## TASK ITEM
With pictures left out, output exactly the lines of the listing below from the line that has "S., Costa E.P., Barros" to the line that has "Aphasia and AAC", both lines kept.

## INFORMATION
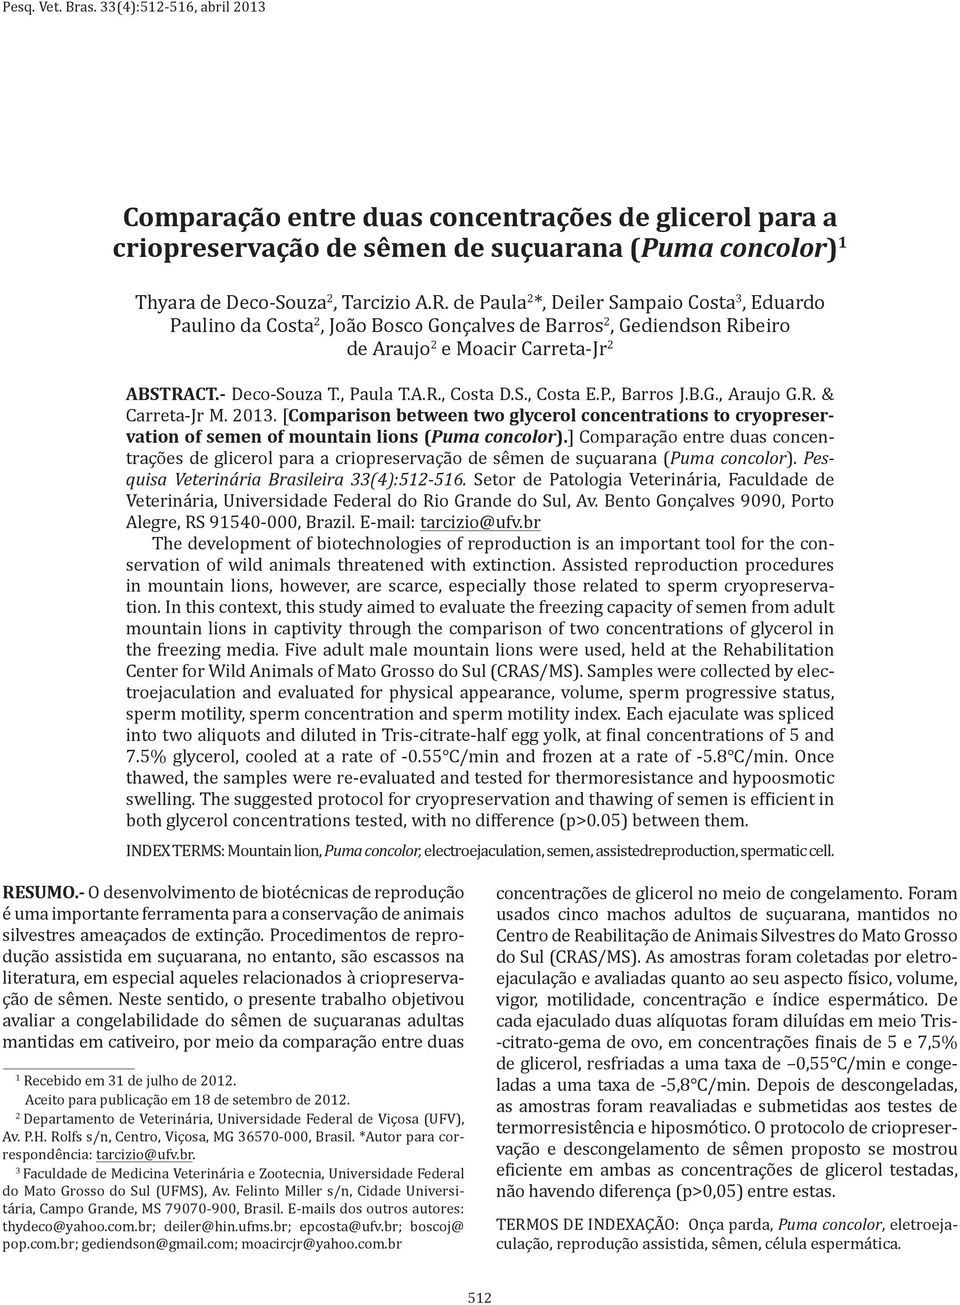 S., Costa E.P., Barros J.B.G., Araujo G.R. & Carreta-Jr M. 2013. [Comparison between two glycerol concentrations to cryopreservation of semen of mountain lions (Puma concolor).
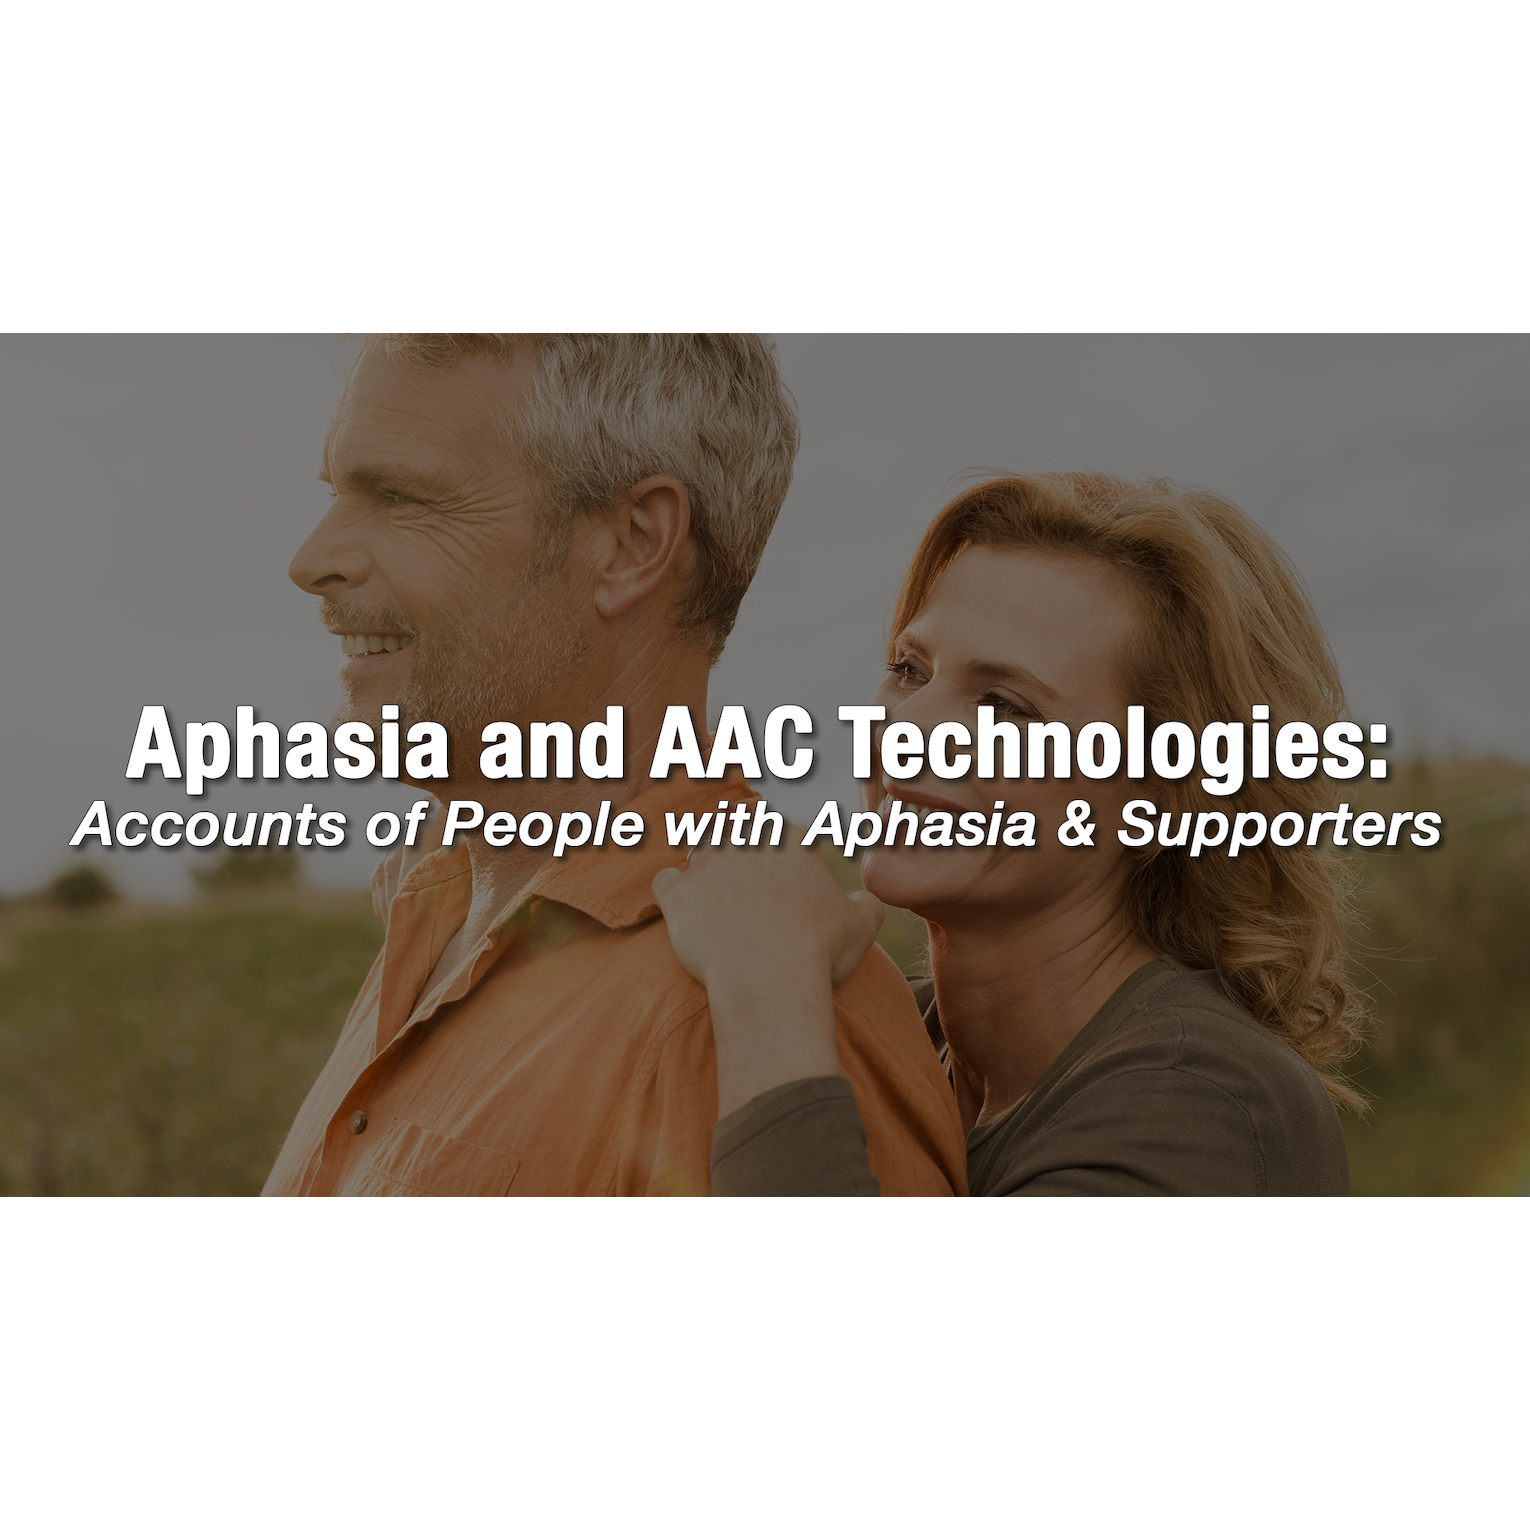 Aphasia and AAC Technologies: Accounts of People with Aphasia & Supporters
* * *
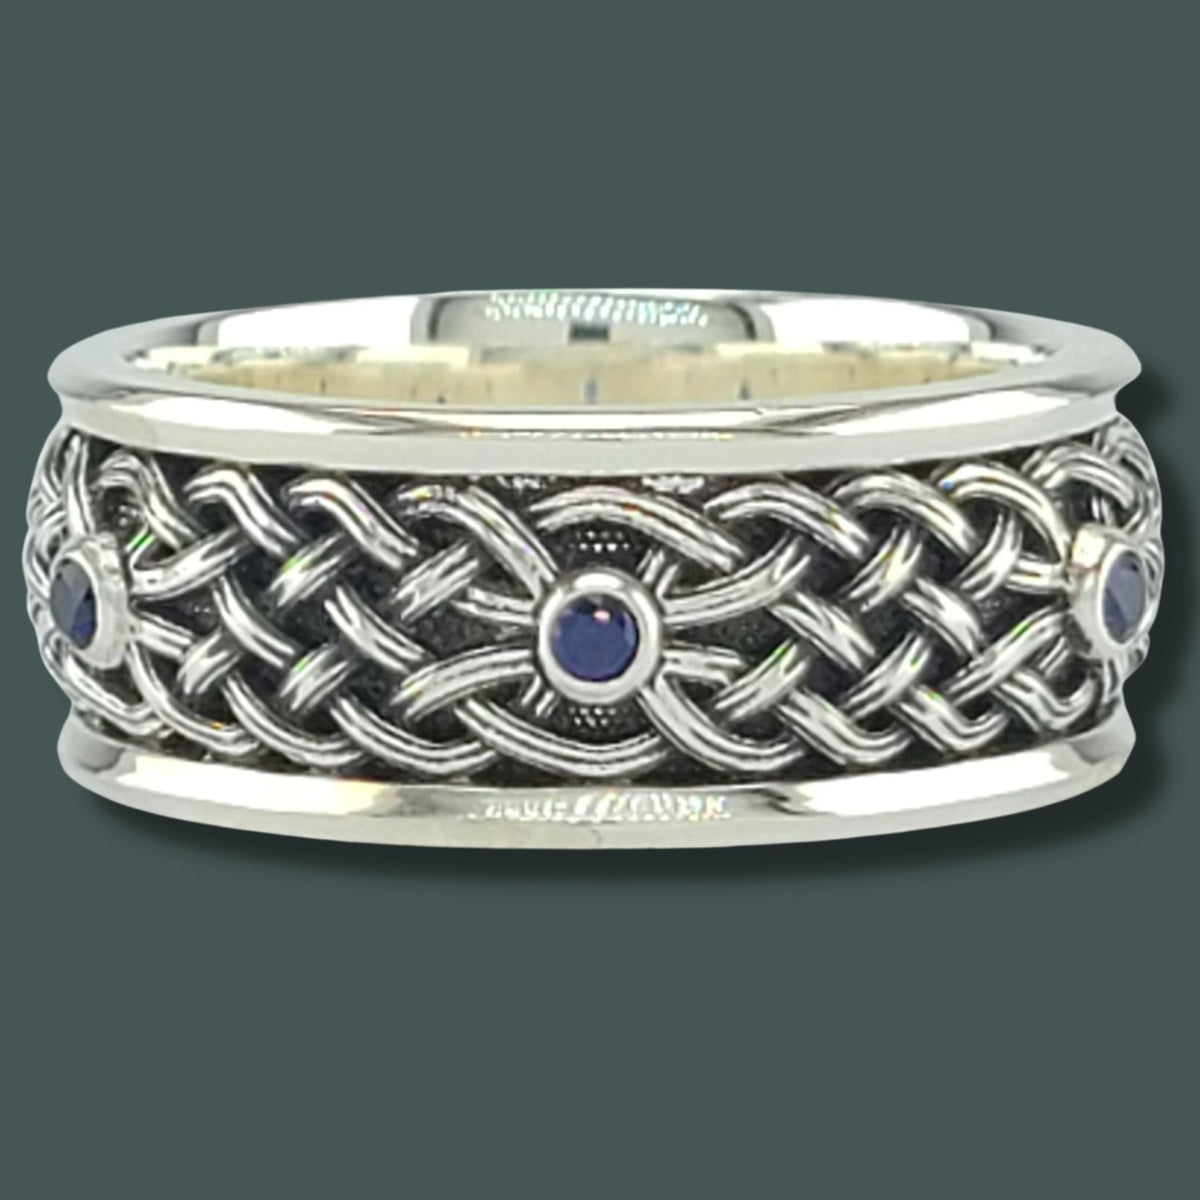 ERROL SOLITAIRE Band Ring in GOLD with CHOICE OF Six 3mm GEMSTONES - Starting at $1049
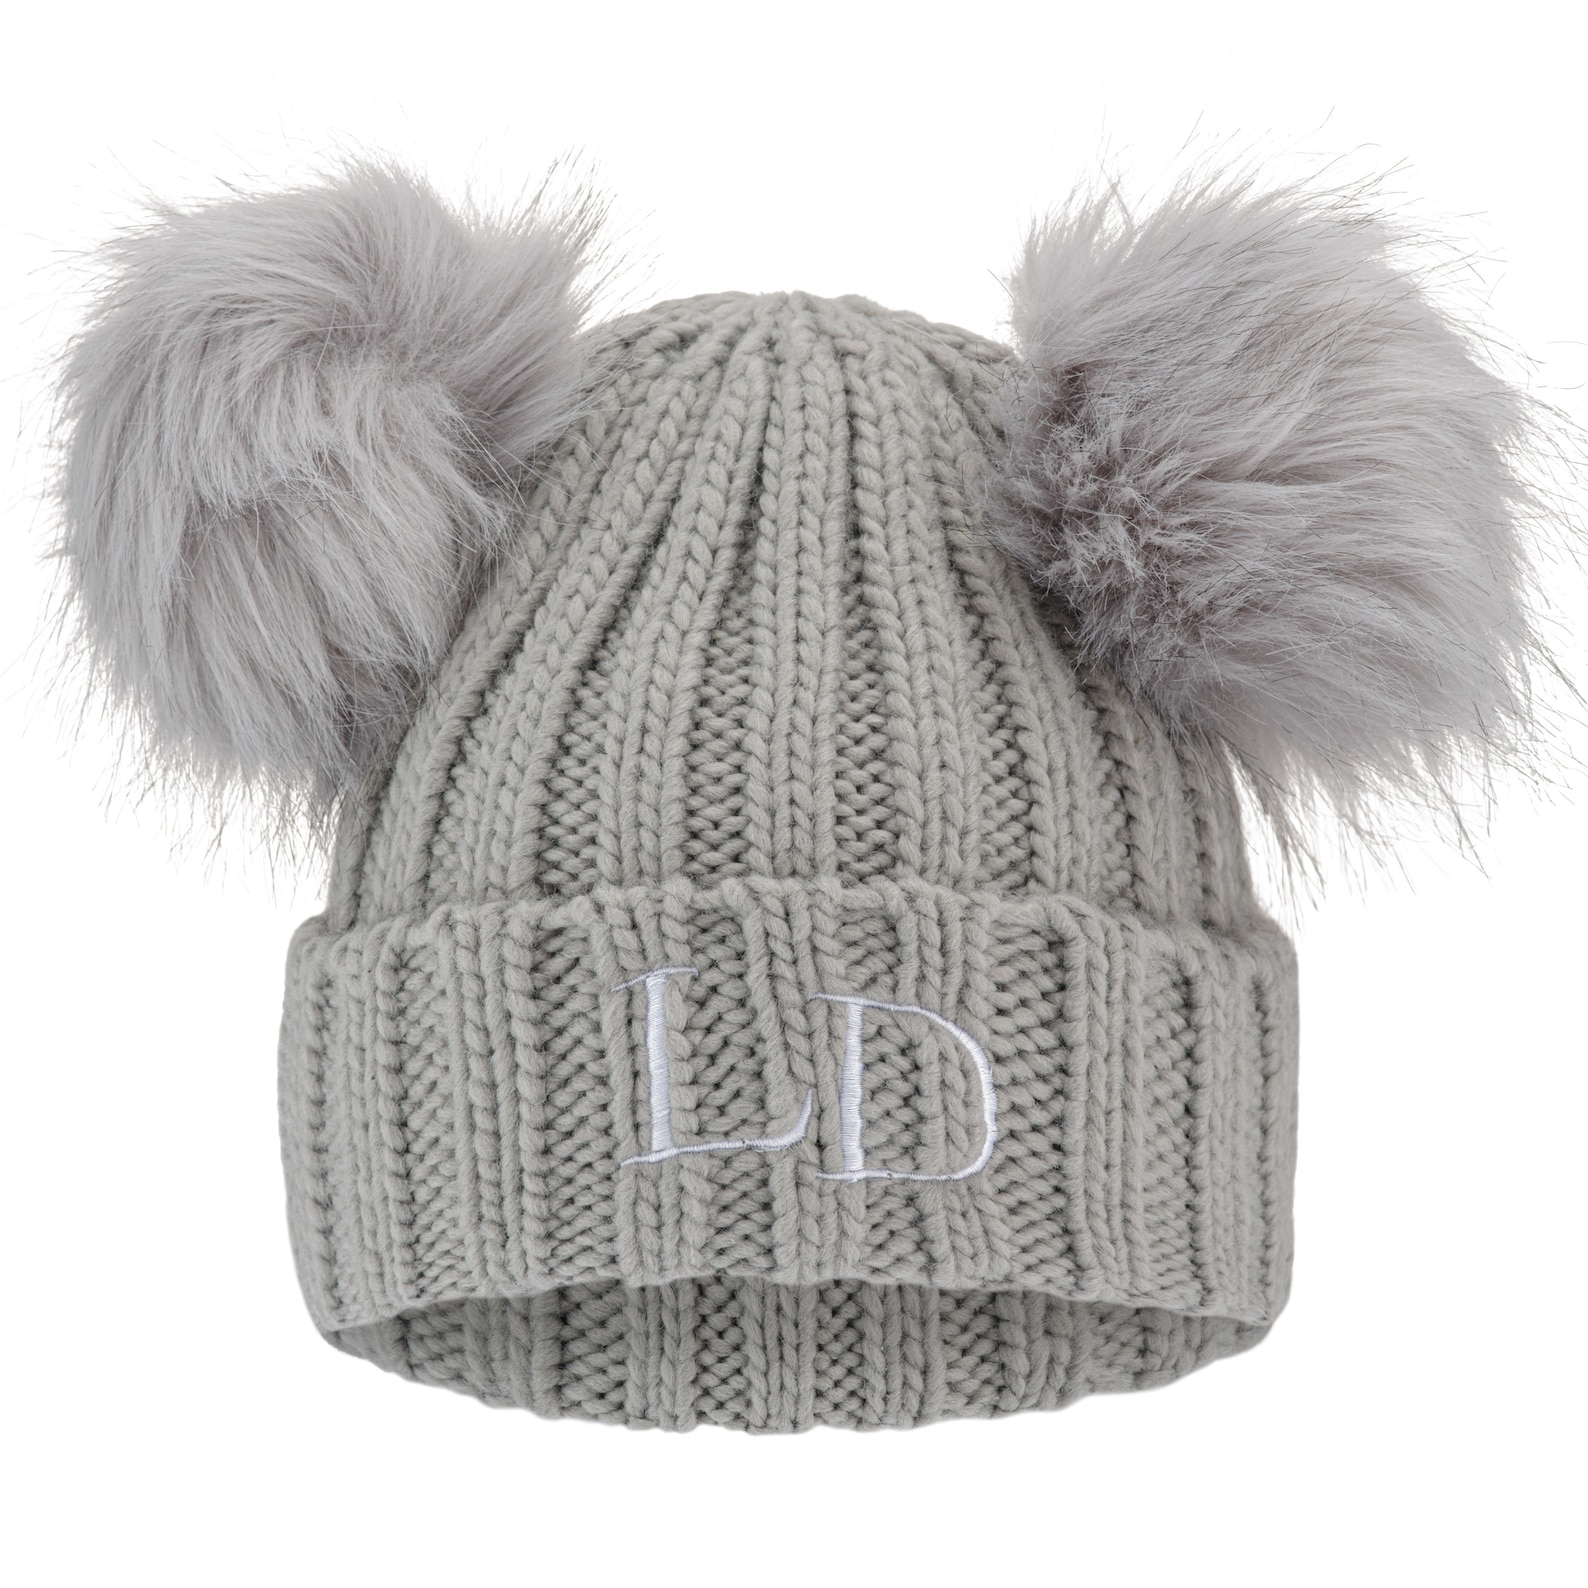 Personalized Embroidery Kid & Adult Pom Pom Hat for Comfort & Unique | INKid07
--
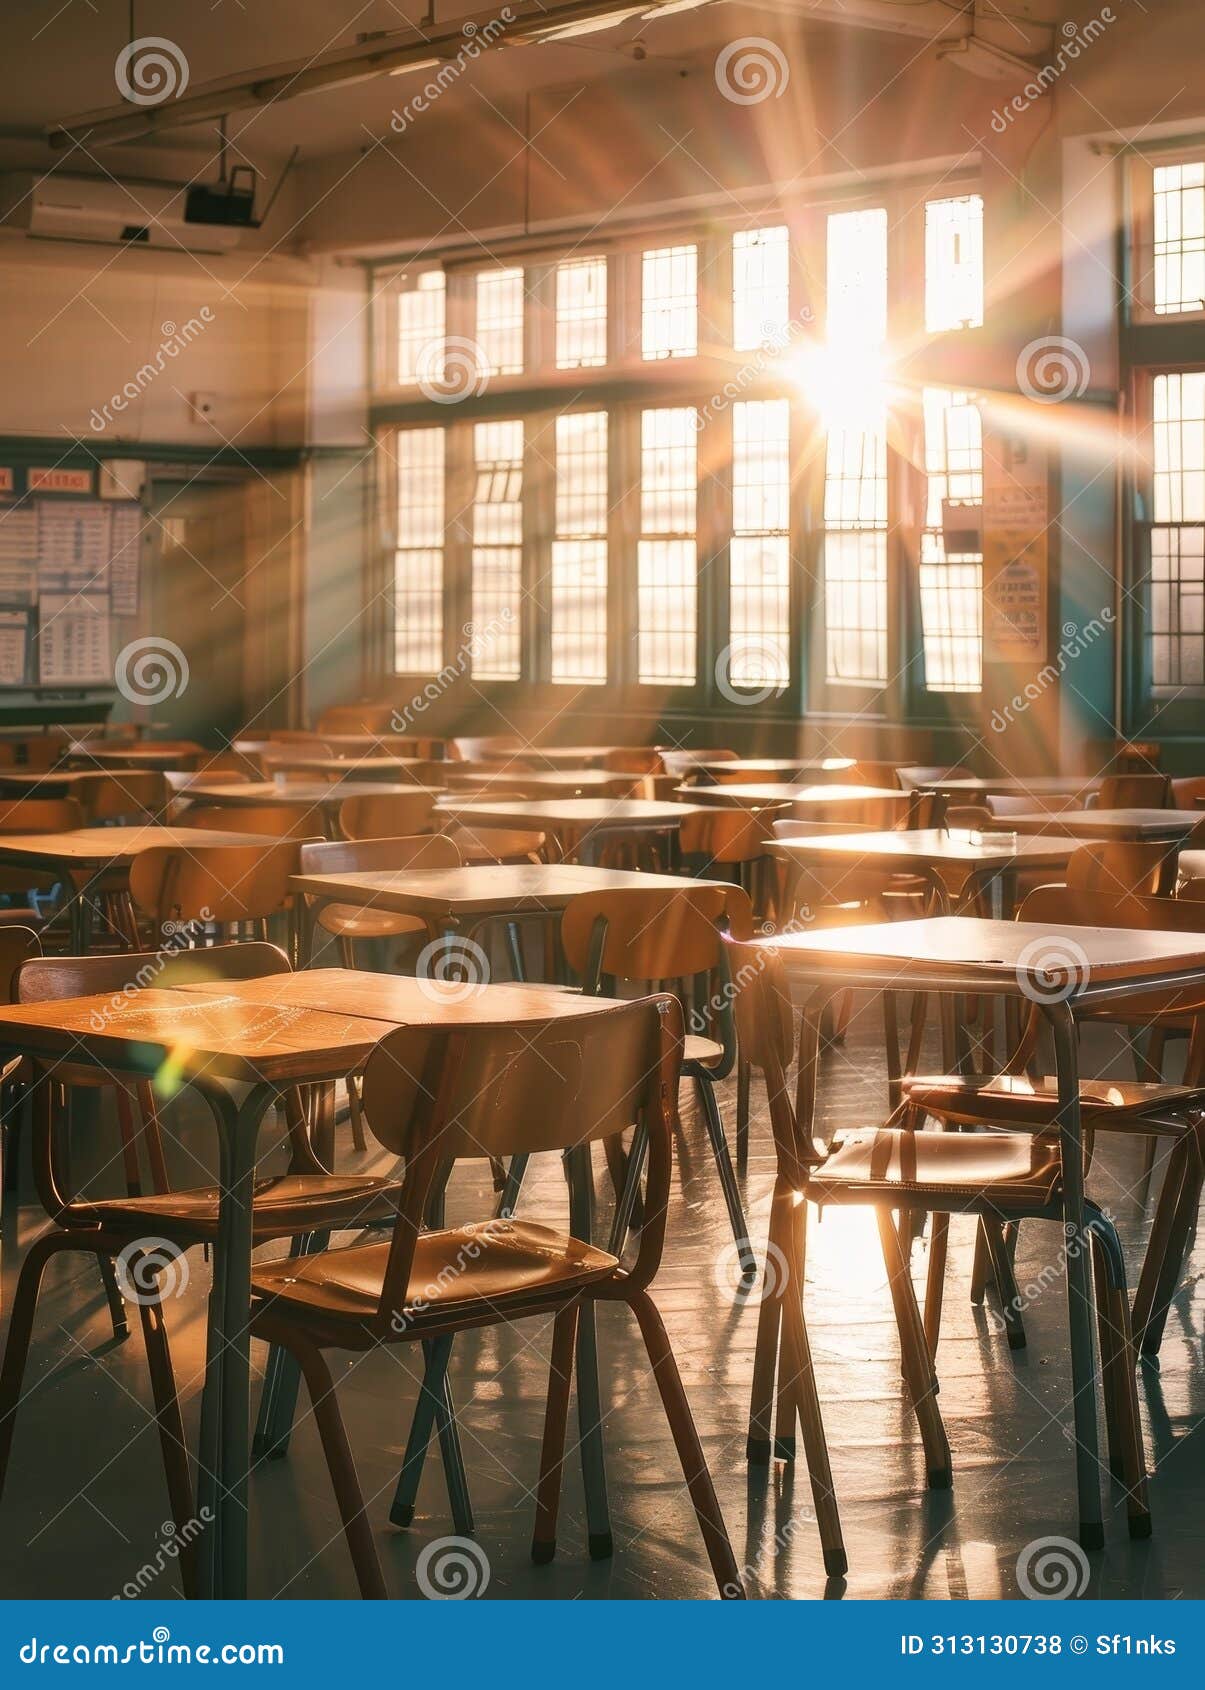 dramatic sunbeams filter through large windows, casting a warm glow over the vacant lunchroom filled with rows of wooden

## YOUR SOLUTION
 S., Costa E.P., Barros J.B.G., Araujo G.R. & Carreta-Jr M. 2013. [Comparison between two glycerol concentrations to cryopreservation of semen of mountain lions (Puma concolor).
 Aphasia and AAC Technologies: Accounts of People with Aphasia & Supporters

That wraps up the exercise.